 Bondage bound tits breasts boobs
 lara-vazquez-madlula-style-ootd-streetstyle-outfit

==

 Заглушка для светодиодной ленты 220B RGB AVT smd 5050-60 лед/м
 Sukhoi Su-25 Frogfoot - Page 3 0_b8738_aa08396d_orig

§ **What you have to do**
In your answer, include only the lines above starting at the line that holds "Bondage bound tits breasts boobs" and ending at the line that holds "lara-vazquez-madlula-style-ootd-streetstyle-outfit", copied exactly.

§ **Task solution**
 Bondage bound tits breasts boobs
 lara-vazquez-madlula-style-ootd-streetstyle-outfit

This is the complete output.